Вопрос — помогать или не помогать сыну — даже не стоял. Отец был щедр, постоянен, и никакие эмоции здесь роли не играли. Для матери в те годы Симонов стал якорем — в 1948-м ее уволили из Радиокомитета по пятому пункту. Мы жили практически благодаря его деньгам. Он исполнял свой отцовский долг до моего шестнадцатилетия, после я стал зарабатывать деньги сам. Другое дело, что встречались мы редко...
А помню я отца уже с 1946 года.

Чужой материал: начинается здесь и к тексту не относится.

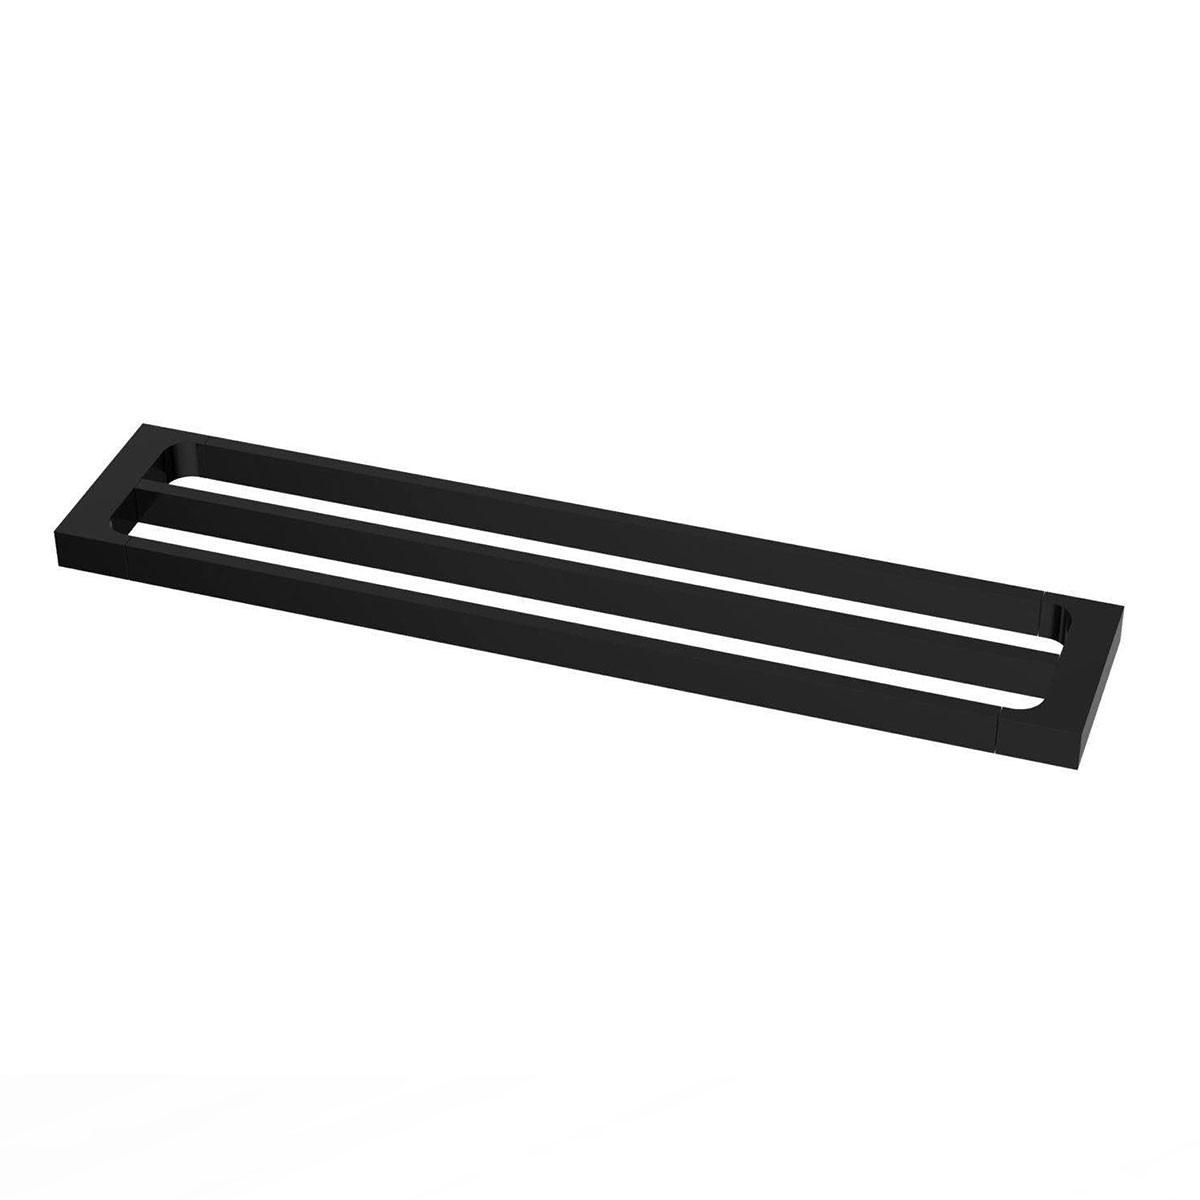 Barre Porte-Serviettes de 23.6 Po- Laiton Noir Mat (OD03611B)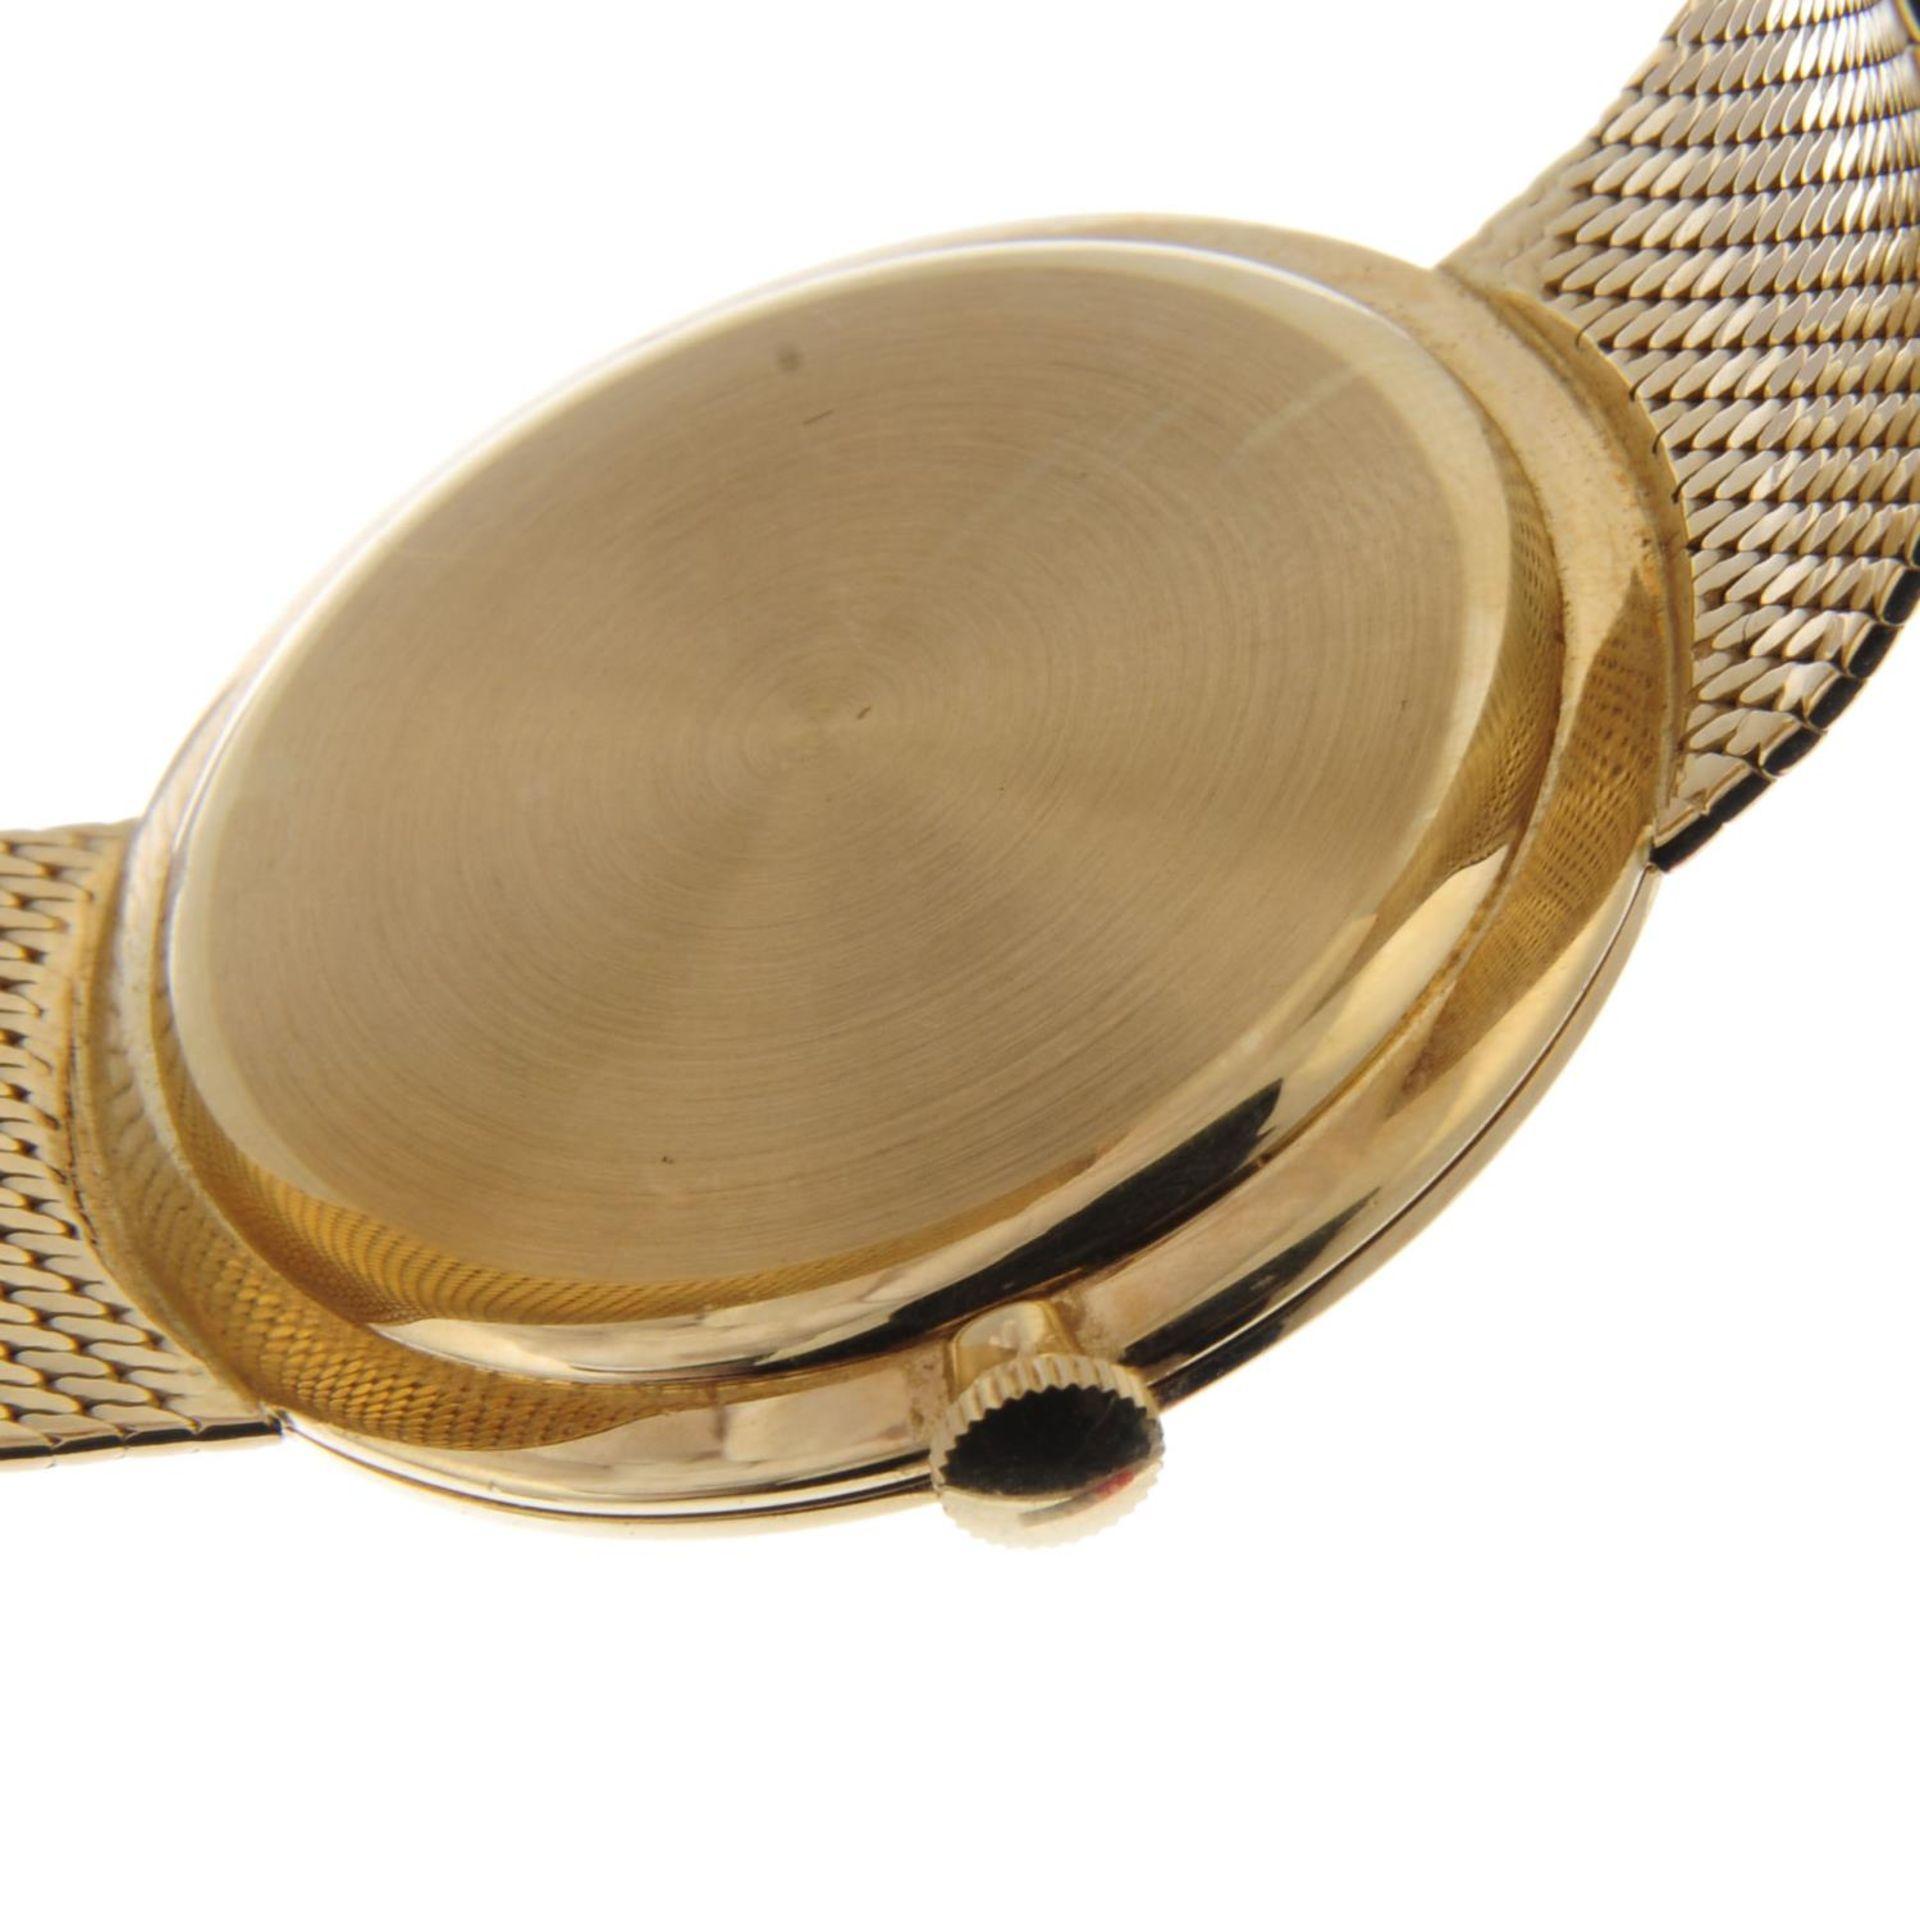 Los 35 - IWC - a gentleman's bracelet watch.

Когда мне было семь лет, его послали в Японию, а через четыре месяца на обратном пути, буквально сняв с поезда, пересадили на самолет и отправили в Америку. Заокеанские селебрити принимали делегацию советских писателей с большим пиететом, тем более что у отца в Америке только что вышла повесть «Дни и ночи» (в переводе она называлась «Дни и ночи Сталинграда»). Он был на съемках у Чаплина, общался с Бетт Дэвис и Гэри Купером, с актерами, писателями, издателями... Папаша, как выяснилось впоследствии, был не чужд риторики.
На приеме в клубе главных редакторов американских газет он долго придумывал, что бы такое сказать в своем выступлении, чтобы, с одной стороны, найти подход к американцам, а с другой — не уронить лицо советского человека. И произнес прочувствованную речь о своих двух оставшихся с мамой в Москве сыновьях — прибавив в конце, что не хотел бы, чтобы им пришлось пережить новую войну. Эта речь была по сути дела демагогией. Не знаю, часто ли он видел Толю, сына Серовой, но меня, сына Ласкиной, уж точно редко. И кого он считал единственной мамой, осталось загадкой. Но выплыл он среди газетно-журнальных западных «гиен» с нашей помощью.